Work was started in southern Idaho in 1958 to reseed some of the large desert breeding areas with suitable perennial range grass. Russian-thistle, the worst summer host plant, is eliminated by the competition of the perennial range grasses when the grass becomes well established. About 87 thousand acres were reseeded, primarily with crested wheatgrass by 1960.

Systemic insecticides also have been used. They are used as seed slurry treatments, seed soaks, foliage sprays, drenches, and dips. These toxicants move from the point of application through the growing plant, and may be effective against insects for several weeks after application.

In laboratory experiments at Twin Falls, Idaho, curly top in garden beans was reduced materially by spraying the plants with systemic insecticides combined with juice from sugarbeets highly resistant to curly top.

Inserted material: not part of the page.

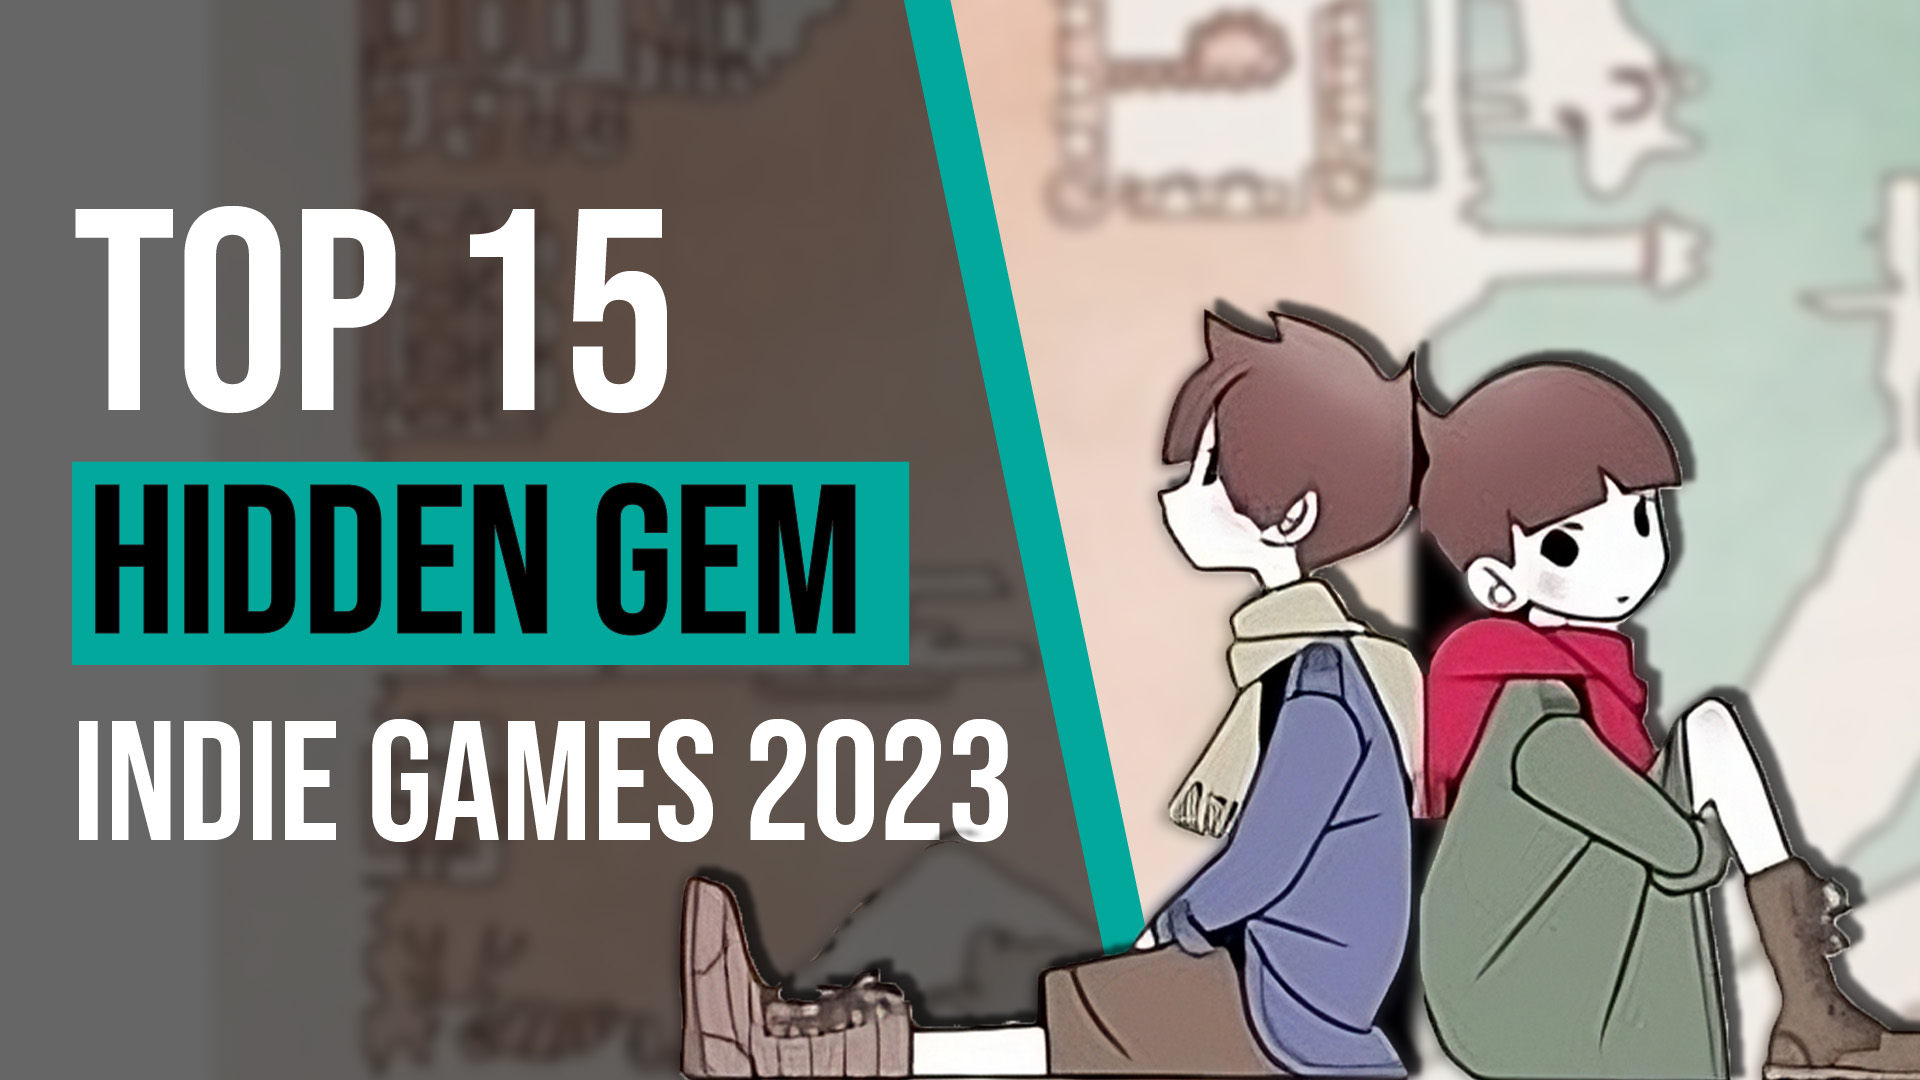 New games 2023: The biggest upcoming games dated

The climate of southern Arizona is ideal for the production of seed of sugarbeets, and about 60 percent of the Nation's crop is grown here. The seed-producing areas, however, are close to large desert breeding grounds of the beet leafhopper, and curly top has been a problem. Because of the extent of the breeding grounds surrounding the beet-seed-producing areas, desert control is impractical or impossible.

Some of the varieties grown are resistant to curly top, but as a large percentage of the seed is for use in areas where the beet leafhopper is not a problem, varieties susceptible to the disease also are grown. Even varieties resistant to curly top are damaged in the early stages of development.